What to produce: All lines from the one containing "kurtka kapturem damskie" through the end of the data below are to be repeated exactly, with pictures left out.

Material provided:
────

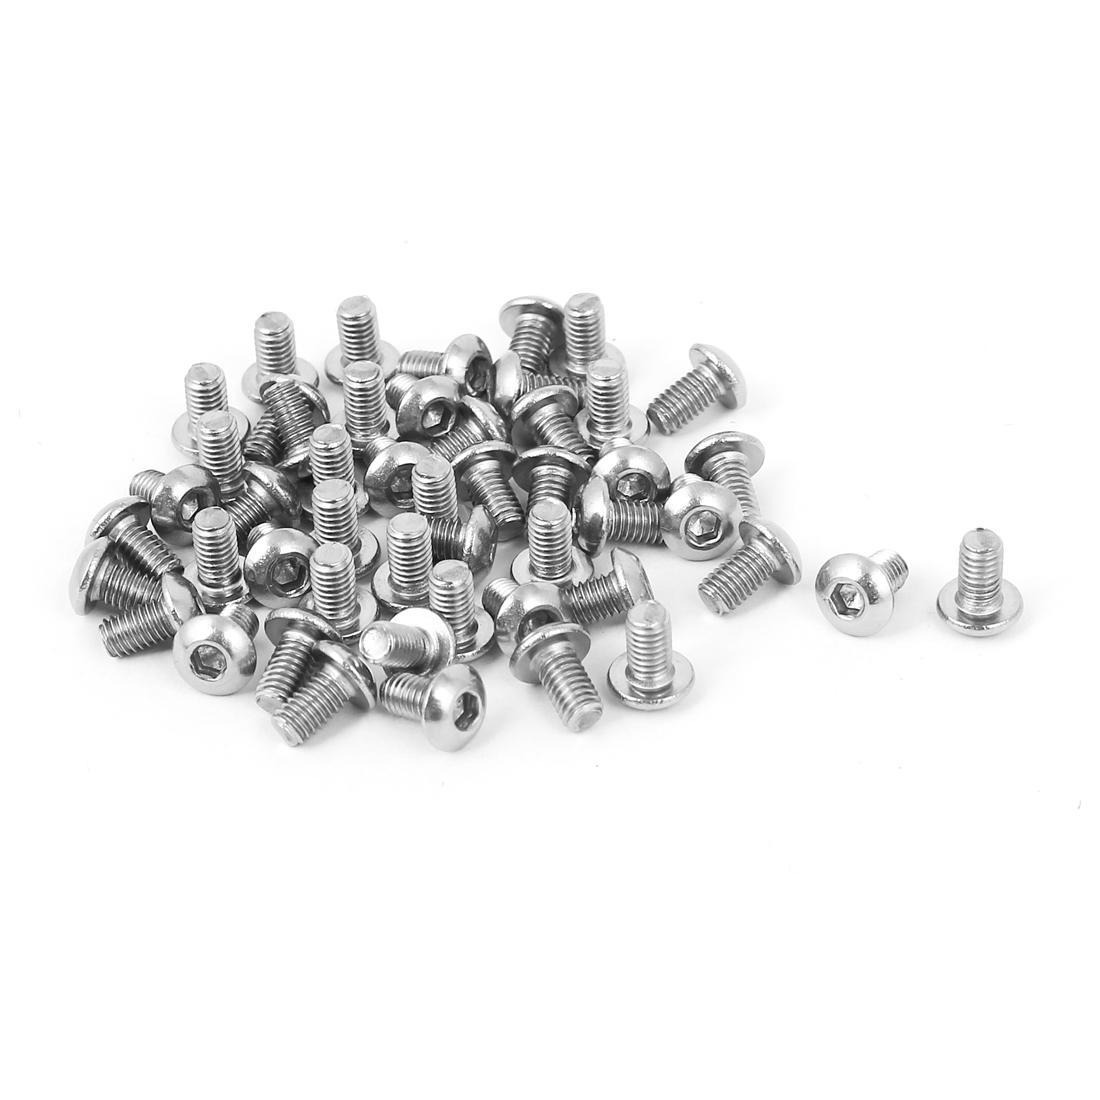 50 Pcs M3 x 5mm Full Thread Stainless Steel Button Head Socket Cap Screw
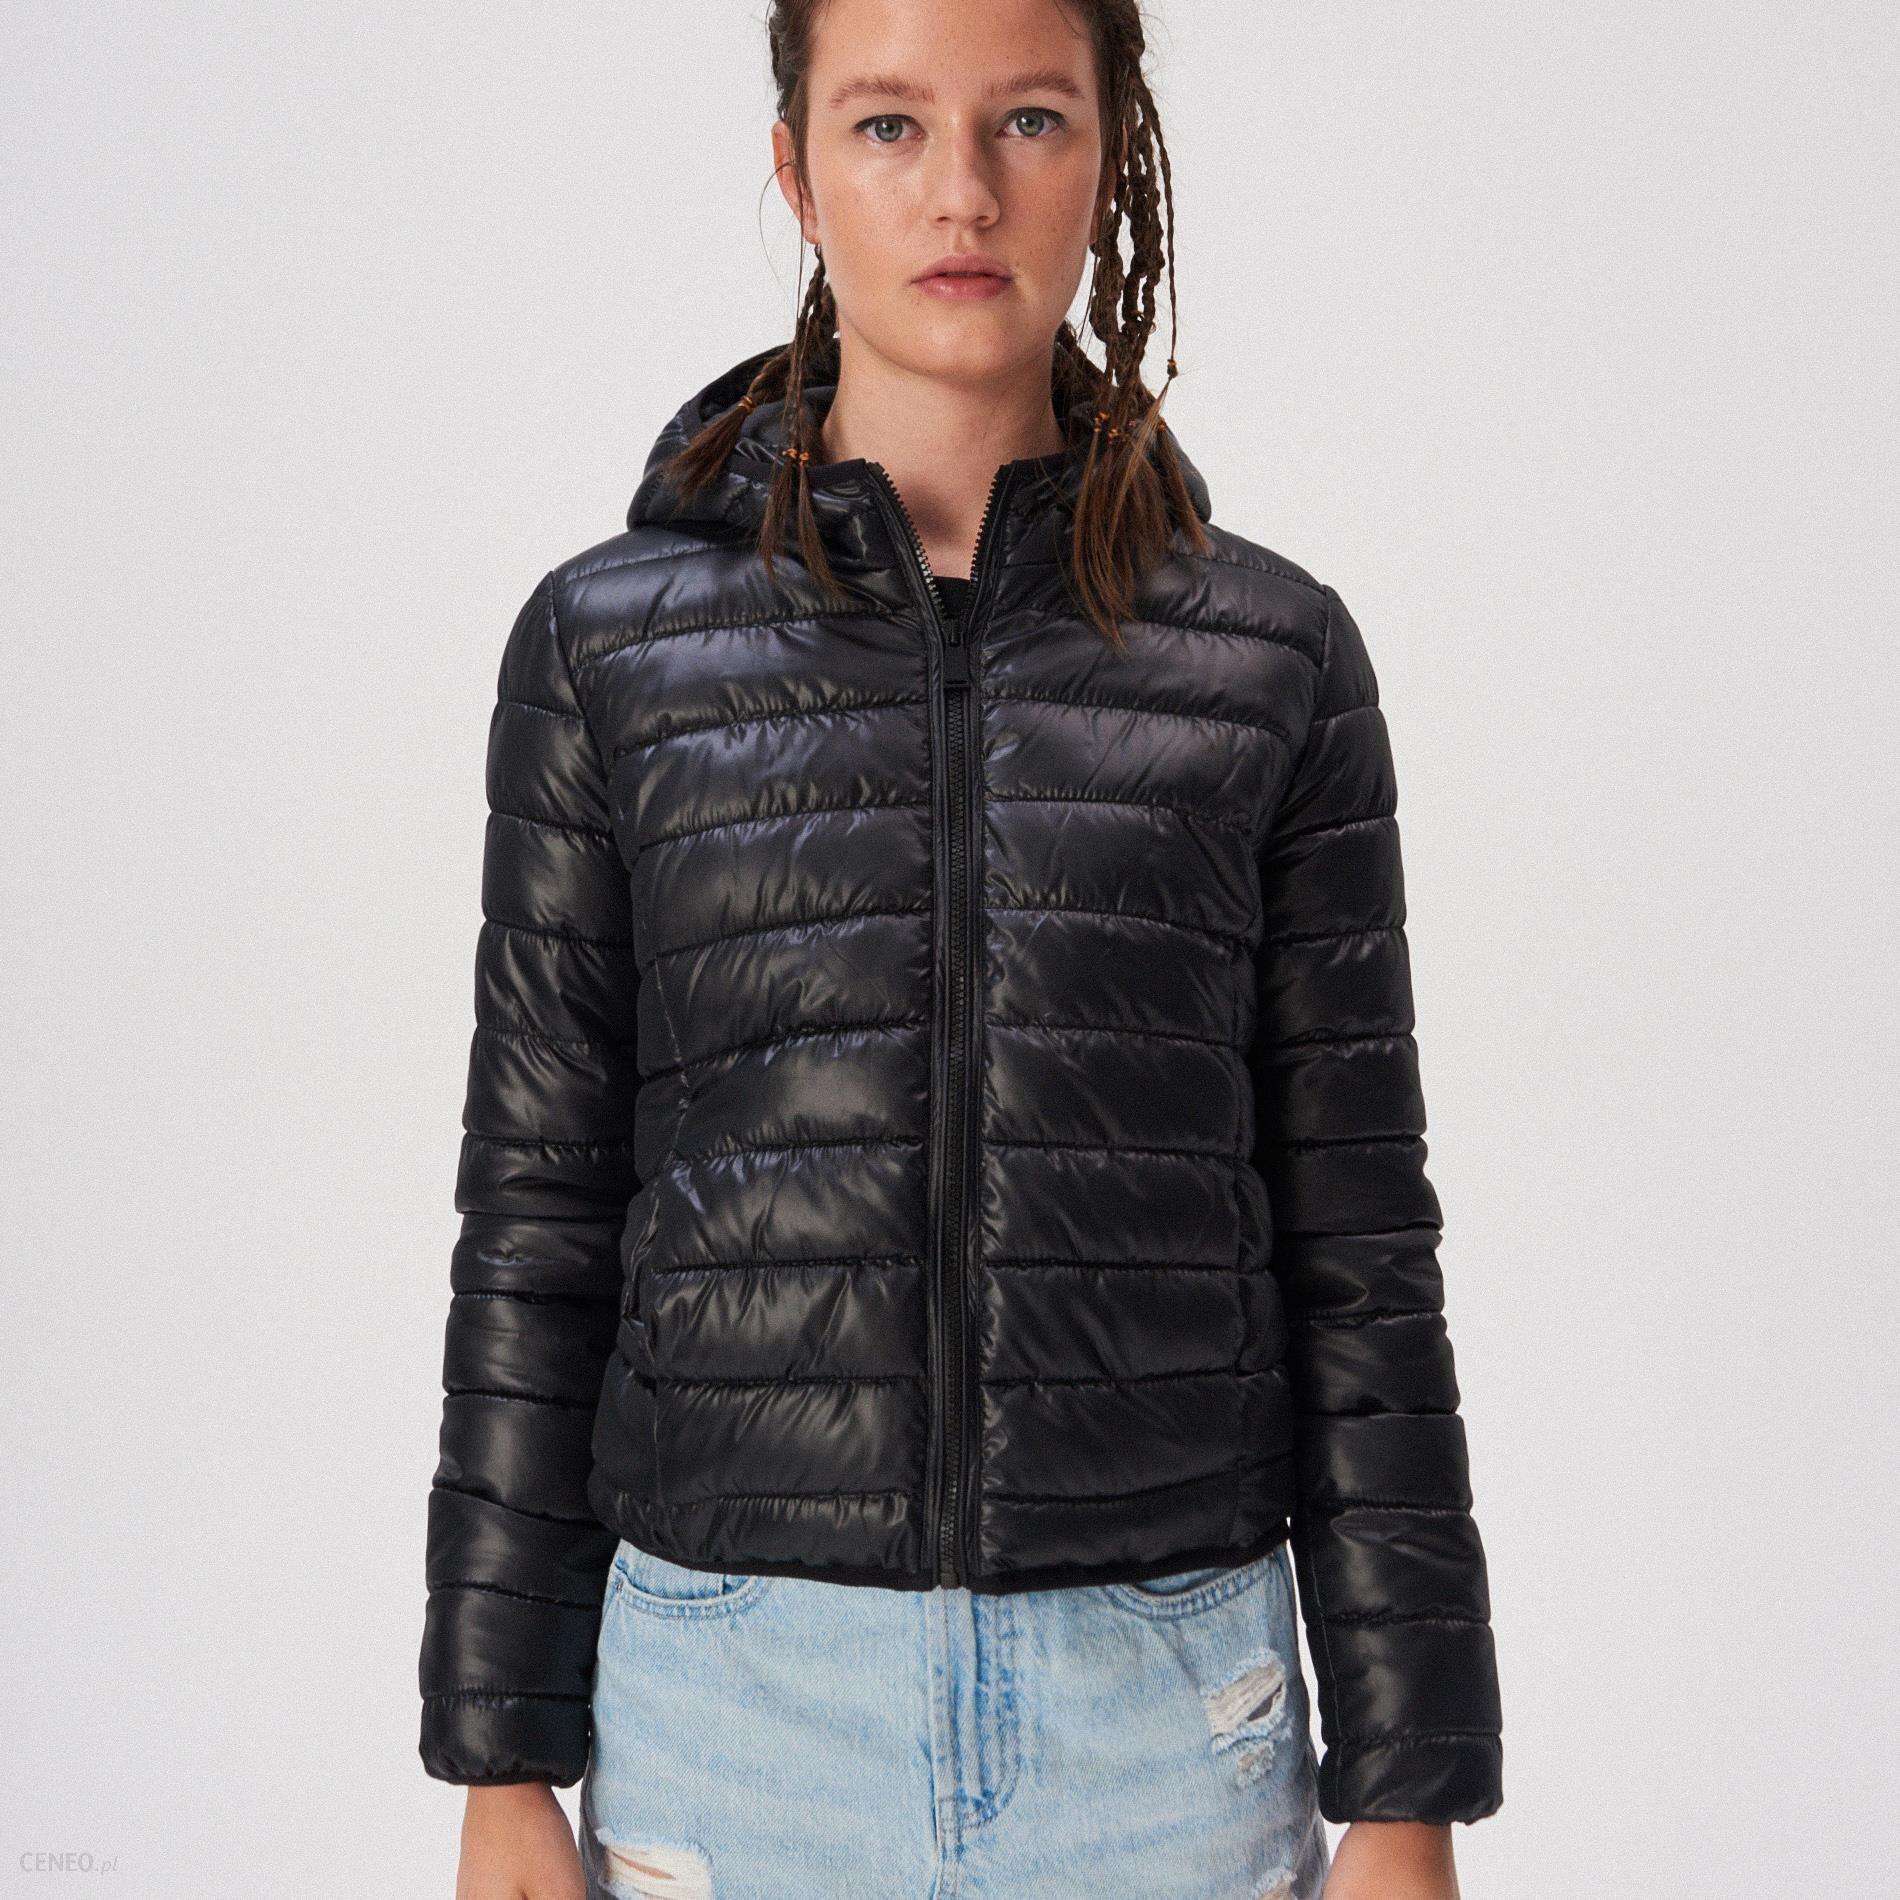 kurtka kapturem damskie kurtki adidas, porównaj ceny i kup
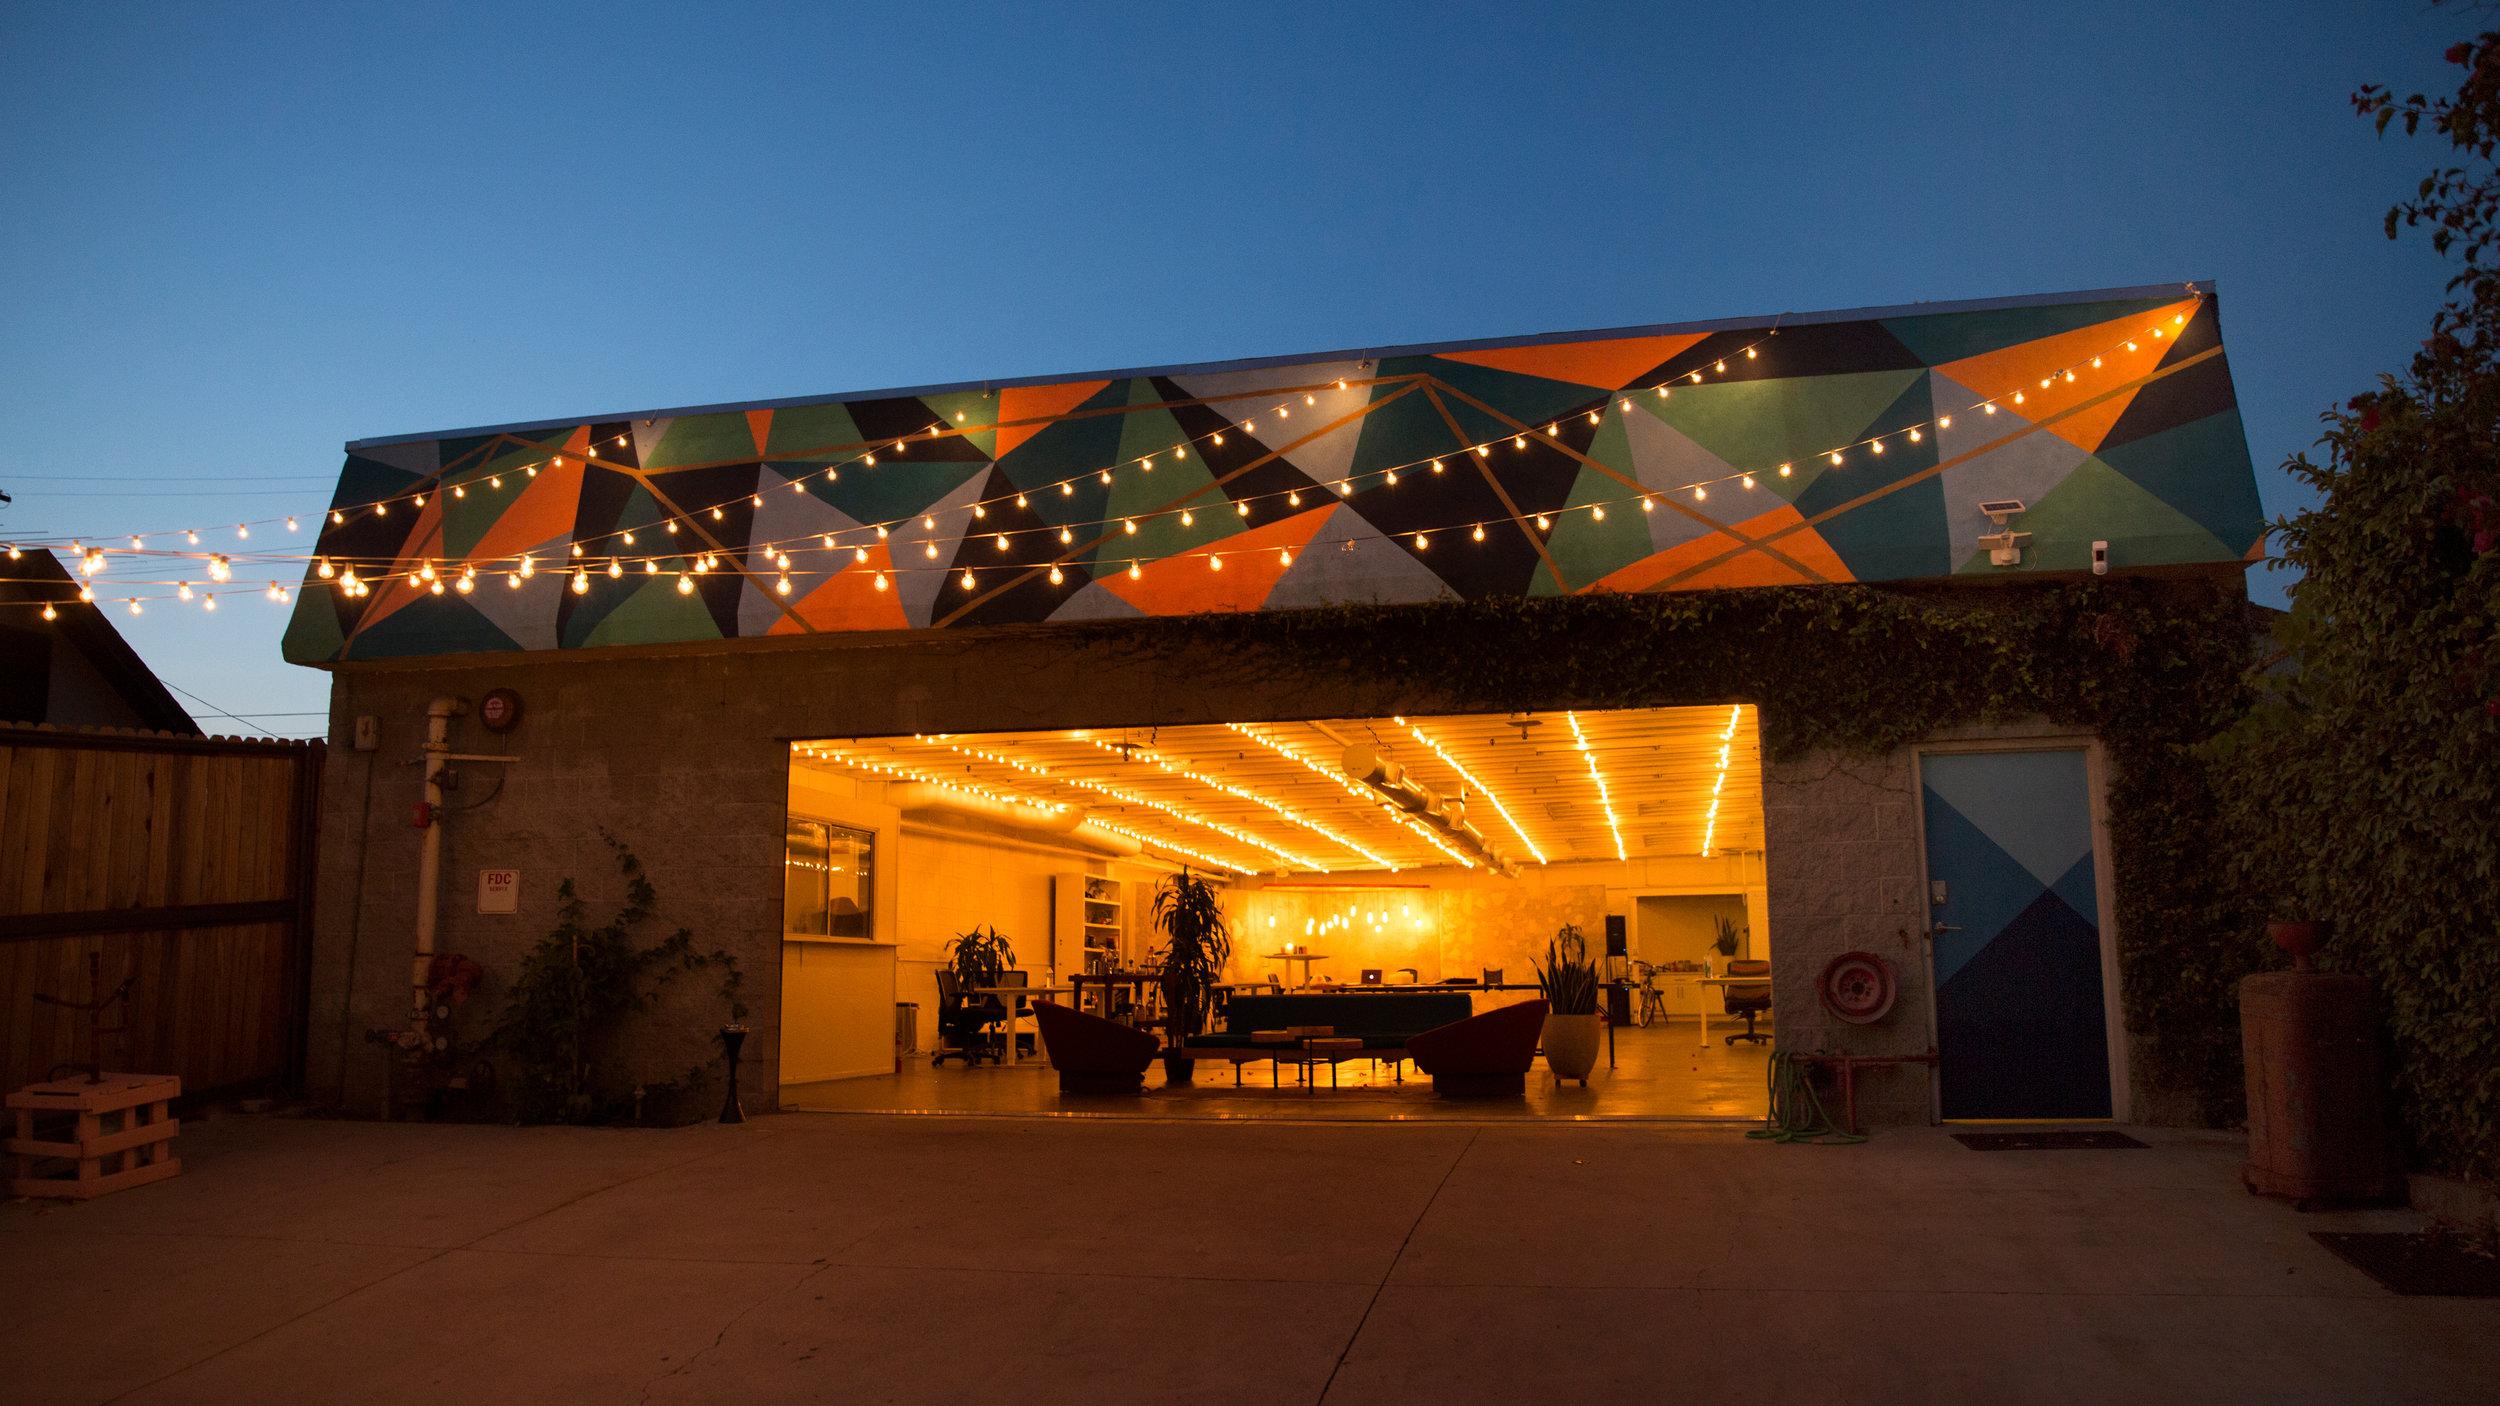 garage_deck_mural.jpg

────

Finished task:
 kurtka kapturem damskie kurtki adidas, porównaj ceny i kup
 garage_deck_mural.jpg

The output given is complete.